The review also found that most of the studies were limited by their small sample size, retrospective design, and lack of randomized fashion. These limitations highlight the need for larger, prospective studies that can provide more robust evidence on the accuracy and reliability of ARVC risk scores. In addition, the review identified several areas that require further research, such as the validation of the ARVC risk score in asymptomatic individuals and the development of risk scores that incorporate genetic testing and imaging modalities. Despite the limitations of the current evidence, the review suggests that the ARVC risk score has the potential to improve the accuracy of ARVC diagnosis and risk stratification. The use of risk scores can help identify patients at high risk of ARVC, who can benefit from early intervention and close monitoring. In addition, the use of risk scores can reduce the variability in the diagnosis of ARVC and improve the consistency of clinical practice.

Conclusion

In conclusion, the validation of ARVC risk scores is an essential step toward improving the accuracy of ARVC diagnosis and risk stratification.
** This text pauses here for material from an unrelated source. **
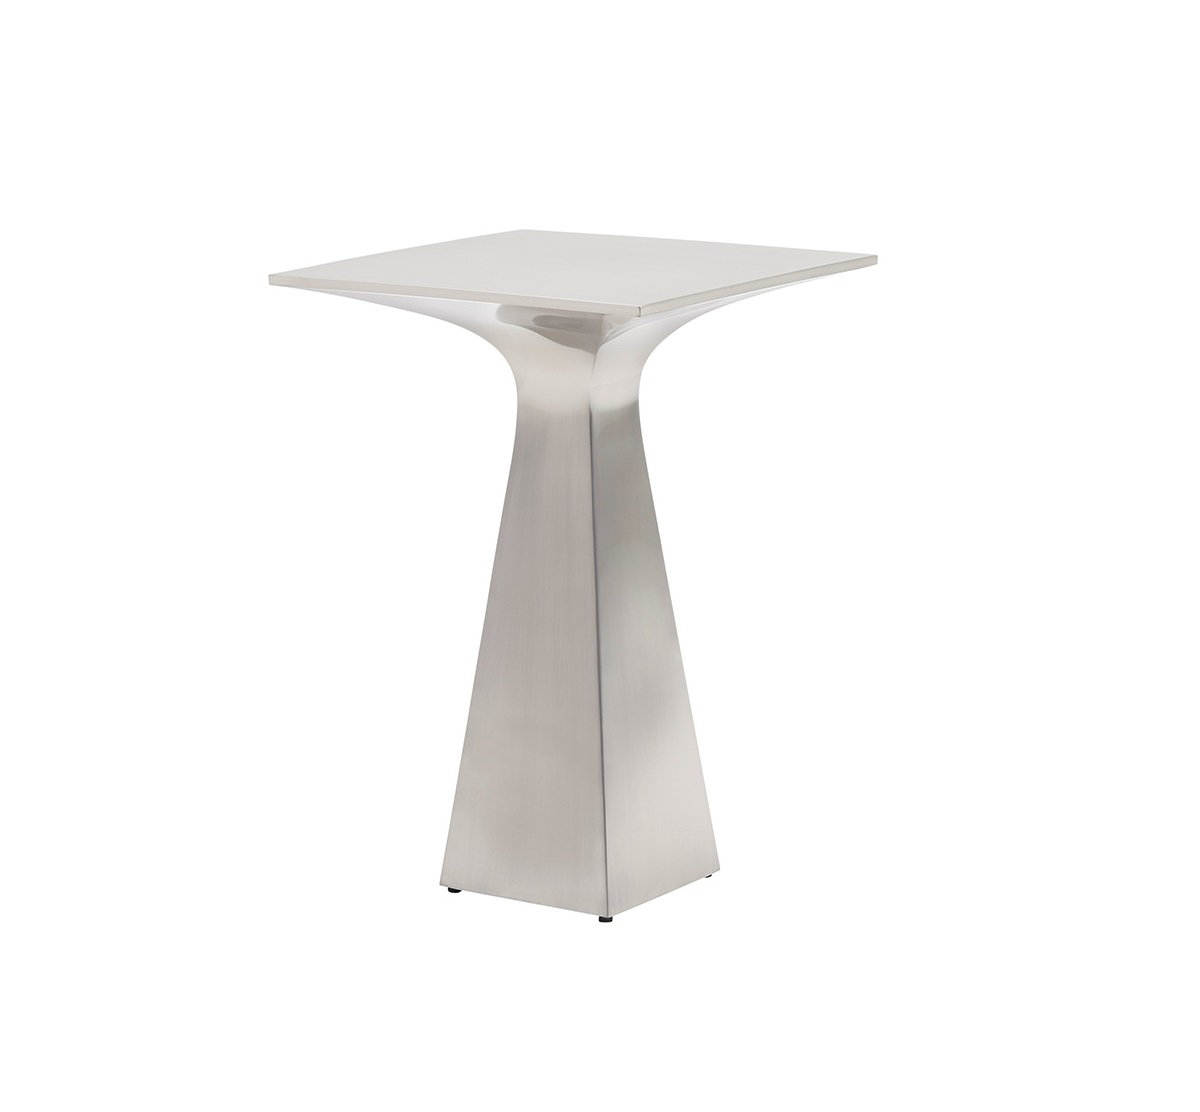 Kitano Sato Stainless Accent Table, Lexington Accent Table For Sale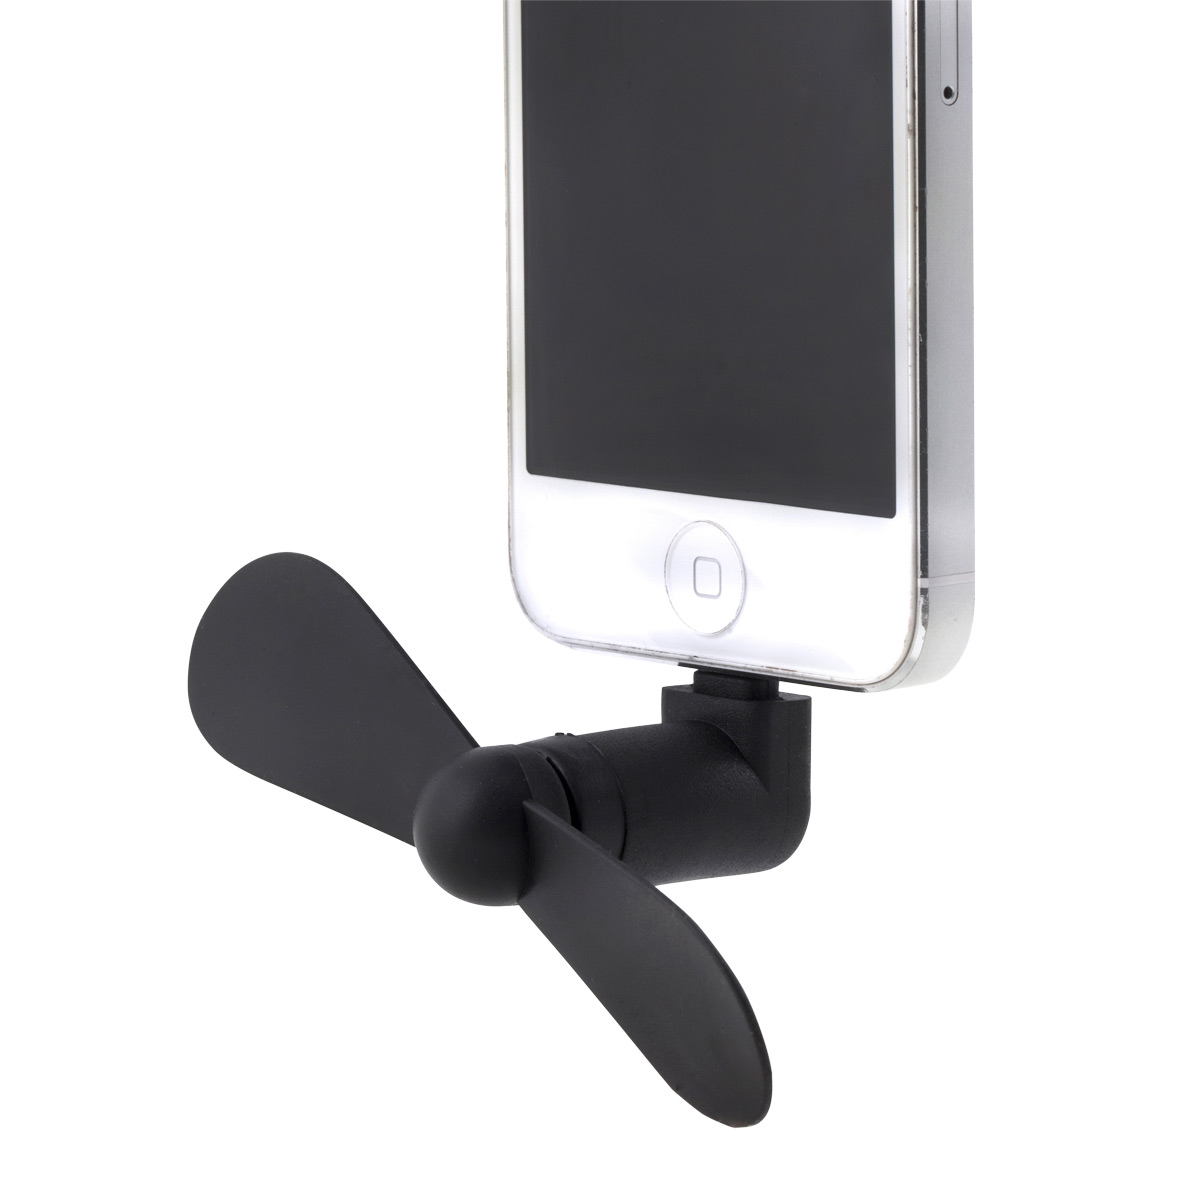 Kikkerland iPhone Fan | The Container

The current evidence on the validation of ARVC risk scores is limited by small sample sizes, retrospective designs, and lack of external validation. Further studies are needed to establish the accuracy and reliability of ARVC risk scores and to address the limitations of the current evidence. Despite these limitations, ARVC risk scores have the potential to improve the accuracy of ARVC diagnosis and risk stratification and to guide clinical practice in the management of ARVC.